Fifty years ago today on June 30, 1958, the Supreme Court issued a ruling vitally important to the civil rights movement and First Amendment jurisprudence. That day, the high court ruled in NAACP v. Alabama ex. rel. Patterson that the state of Alabama could not force the National Association for the Advancement of Colored People to disclose its rank-and-file membership lists.
In 1956, Alabama Attorney General John Patterson filed a lawsuit in state court seeking to bar the NAACP, which had a regional office in Alabama, from operating in the state. Such attempts were not unique to Alabama, as other Southern states also tried various litigation strategies to thwart the effective civil rights advocacy of the NAACP, which they viewed as a group of harmful agitators.
The attorney general contended that the NAACP had violated a state law requiring out-of-state corporations to register and pay state fees for conducting interstate business. The NAACP, based in New York, assumed for many years it was exempt.
Before a court hearing, Alabama filed a motion asking that the NAACP produce numerous types of records, including bank statements, leases, deeds and membership lists, including the names and addresses of rank-and-file members.
Disclosure of membership in the NAACP could have had dramatic consequences for Alabama residents at that time. In his memoir, A Matter of Law: A Memoir of Struggle in the Cause of Civil Rights, Robert L. Carter — NAACP general counsel who argued this case — described the harsh consequences of revealing members’ names and addresses: “To do so would expose our members to the threats of lost jobs, physical violence, even possible loss of life, and would risk serious danger to their families.”
In his memoir, Carter also said he believed the case implicated core First Amendment issues: “I was also certain that our activities, which involved only peaceful protests and activity against racial discrimination imposed and enforced by the state, were protected by the First Amendment.”
The NAACP lost in Alabama state court. A trial judge imposed an astronomical fine of $100,000 for continuing contempt for the civil rights group’s alleged violation of the statute. The Alabama Supreme Court twice refused to grant review of this contempt judgment.
However, the U.S. Supreme Court granted review and issued its famous ruling in an opinion by Justice John Marshall Harlan — the grandson of the first Justice John Marshall Harlan, who was known as “the Great Dissenter” for his lone dissents in the odious pro-segregation decisions The Civil Rights Cases (1883) and Plessy v. Ferguson (1896).
“Inviolability of privacy in group association may in many circumstances be indispensable to preservation of freedom of association, particularly where a group espouses dissident beliefs,” Harlan wrote in NAACP v. Alabama. “Petitioner has made an uncontroverted showing that on past occasions revelation of the identity of its rank-and-file members has exposed these members to economic reprisal, loss of employment, threat of physical coercion, and other manifestations of public hostility.”

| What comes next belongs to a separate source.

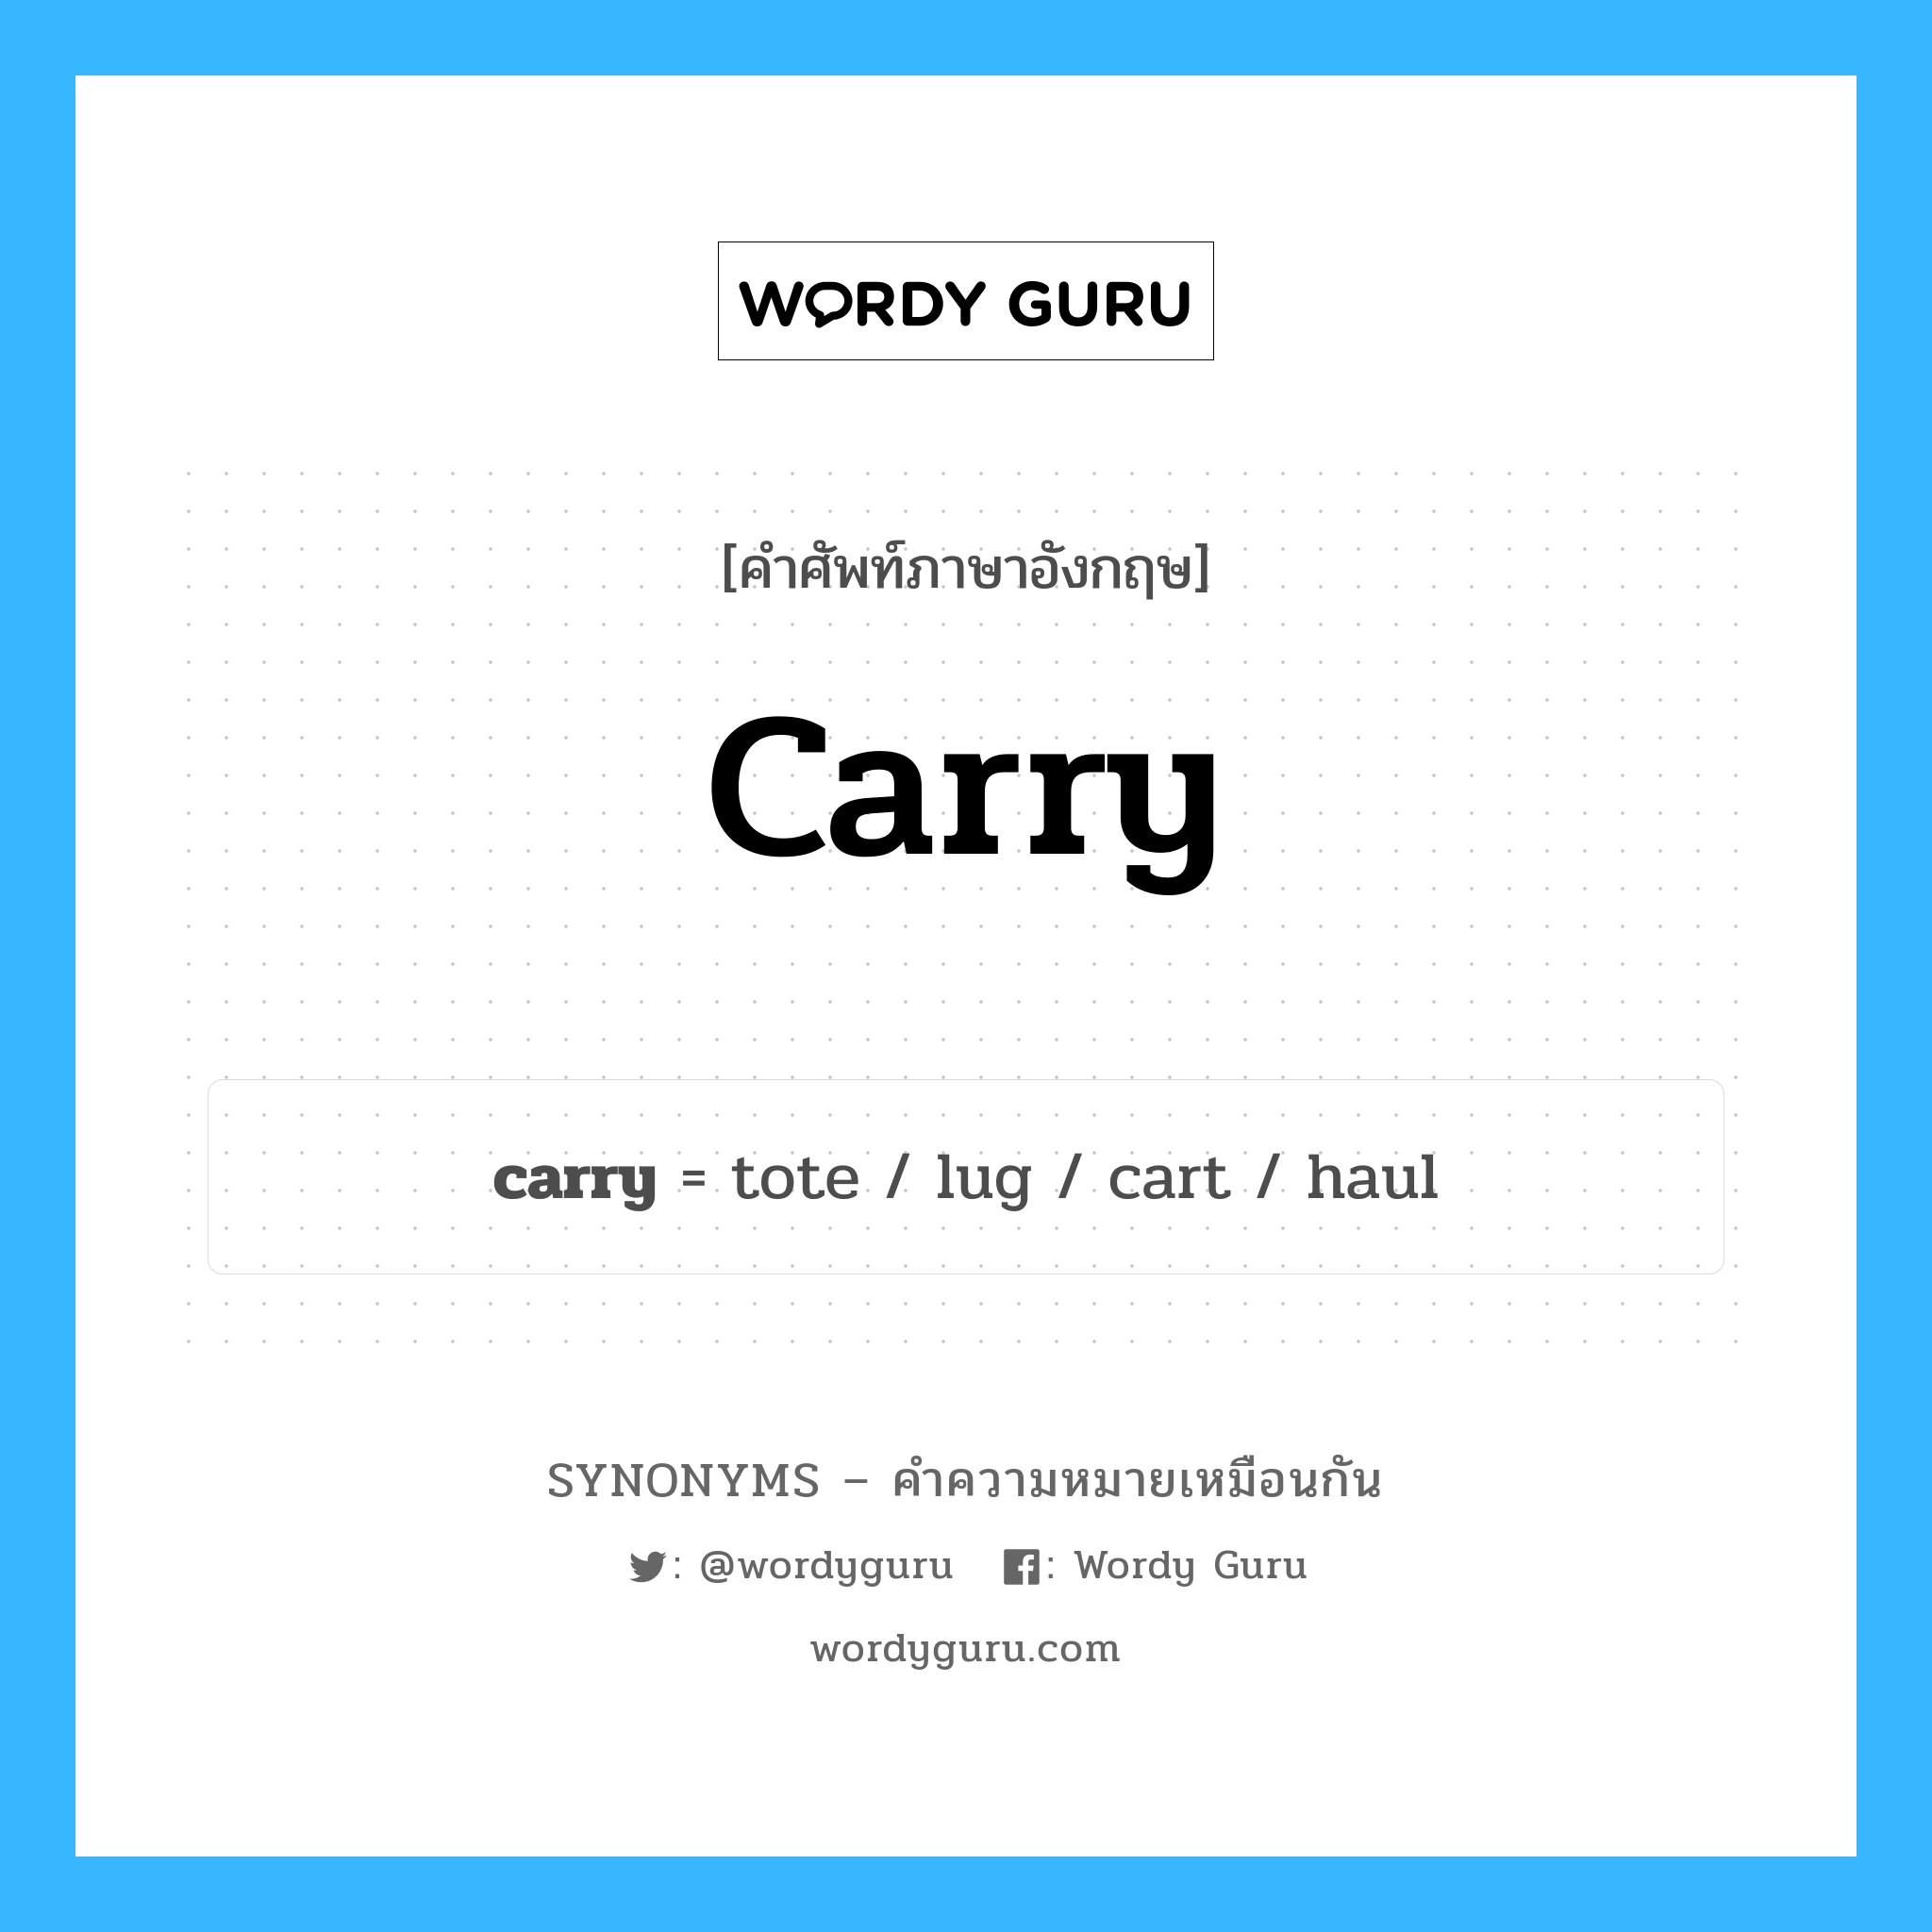 carry เป็นหนึ่งใน haul และมีคำอื่น ๆ อีกดังนี้, คำศัพท์ภาษาอังกฤษ carry ความหมายคล้ายกันกับ haul แปลว่า เดินทางไกล หมวด haul
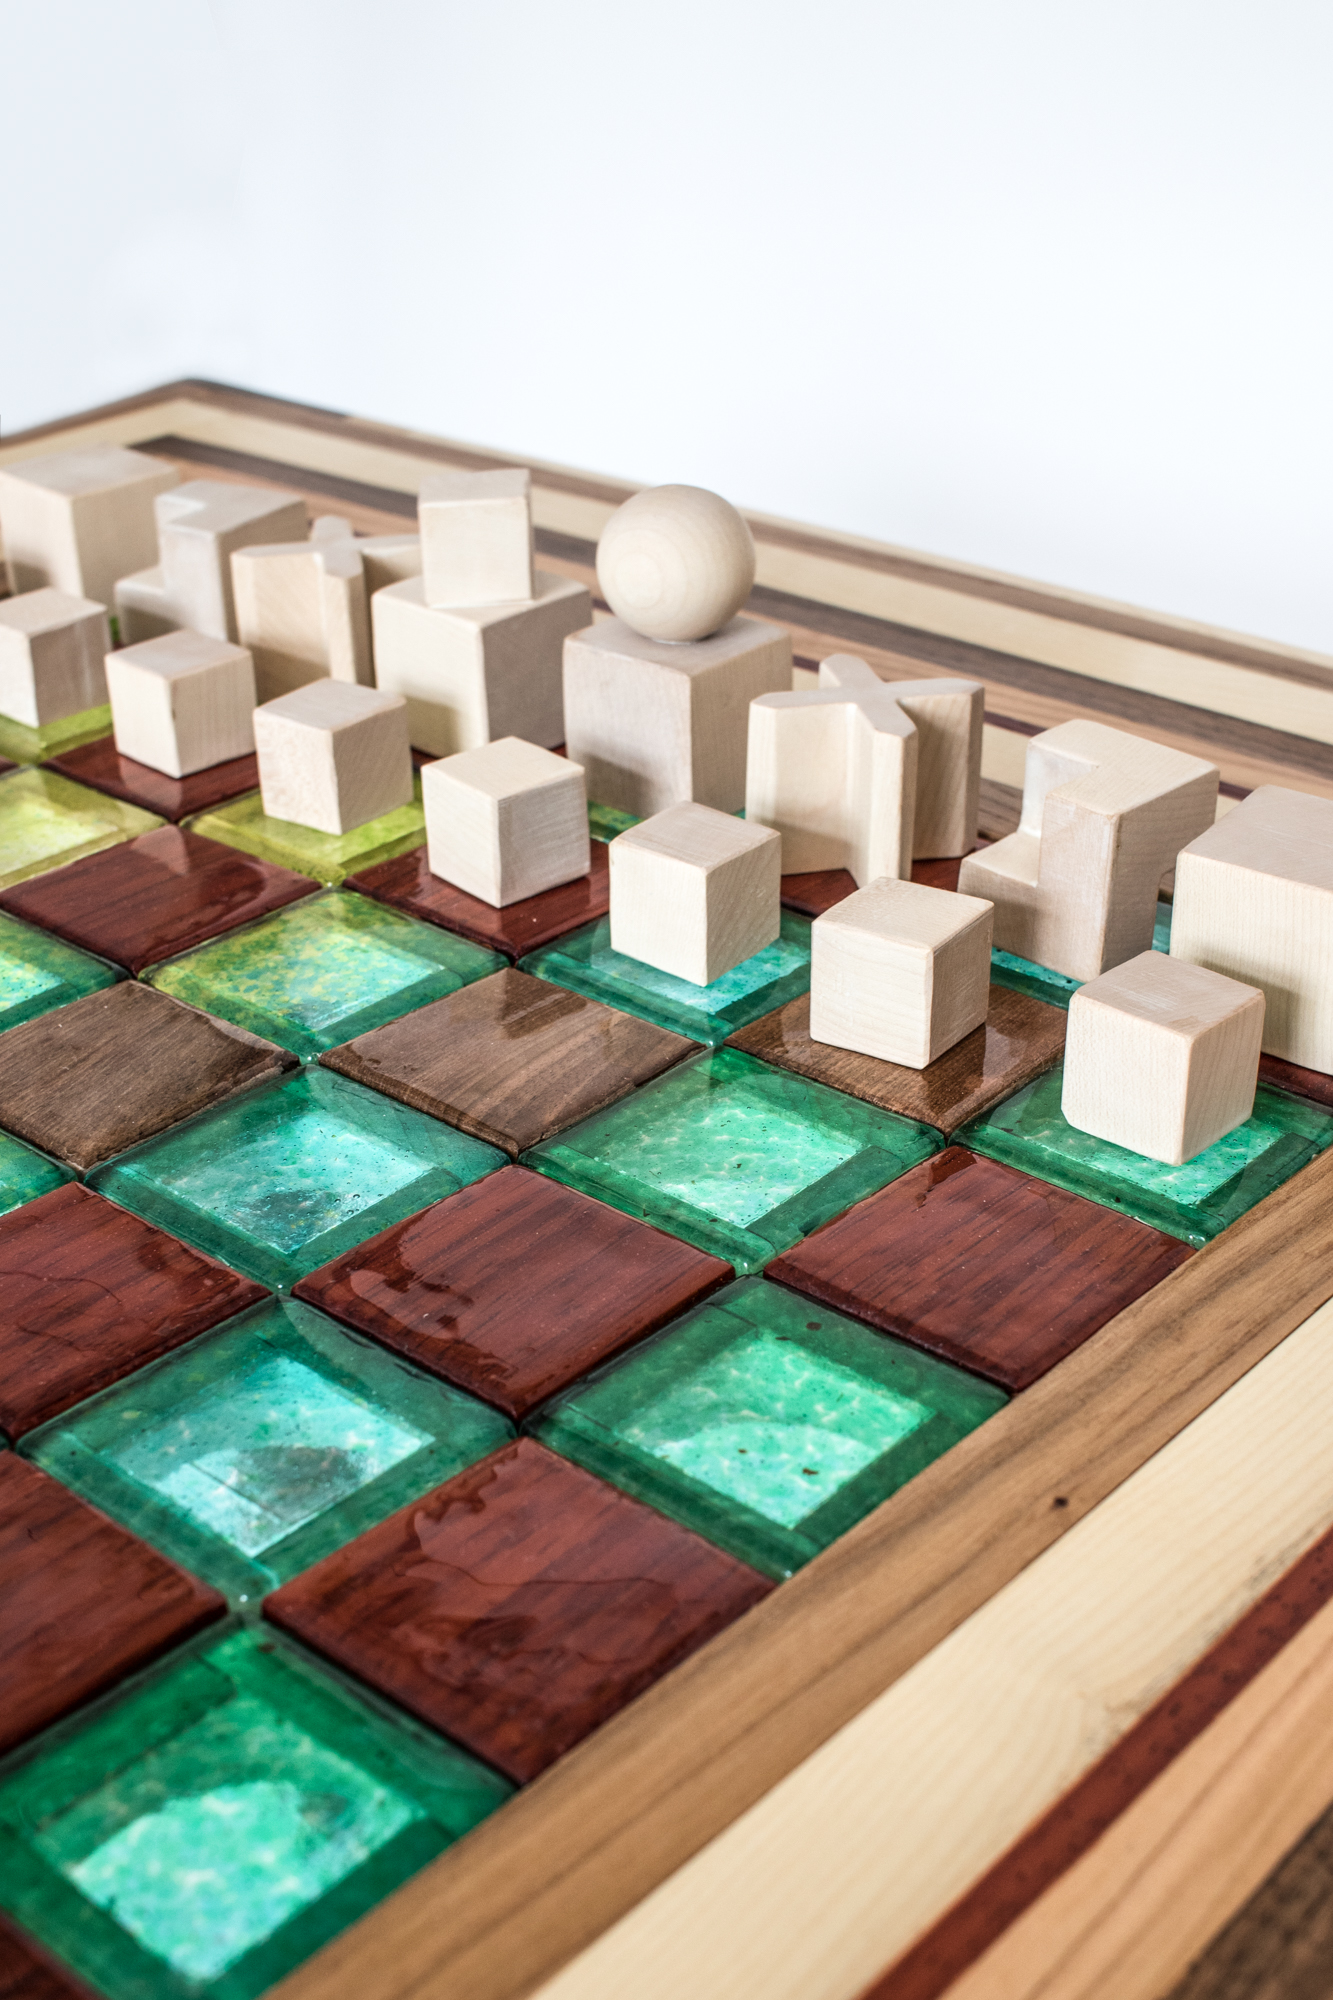 Chaturanga, Board Game

To Harlan, the “compelled disclosure” of the membership lists would prohibit those NAACP members from exercising their assembly and association rights under the First Amendment. He concluded that “Alabama has fallen short of showing a controlling justification for the deterrent effect on the free enjoyment of the right to associate which disclosure of membership lists is likely to have.”
Carter, who has been a federal district court judge since 1972, wrote that the decision was a “great victory, but enforcement took years.” It actually took other decisions by the U.S. Supreme Court in the same litigation, culminating in the 1964 NAACP v. Alabama, also written by Justice Harlan, to ensure that the state would not attempt to oust the civil rights group from the state.
However, the Court’s decision on June 30, 1958, was a historic decision in many ways. Certainly, the decision sent a message to civil rights activists that the Supreme Court would scrutinize government practices that infringed on constitutional freedoms. The decision also proved important to First Amendment law, recognizing the importance of freedom of association and anonymous expression.
First Amendment expert Robert M. O’Neil, president of the Thomas Jefferson Center for the Protection of Free Expression, said the decision also “marks the Court’s willingness to apply the First Amendment in non-literal contexts … something other than the spoken or printed word.”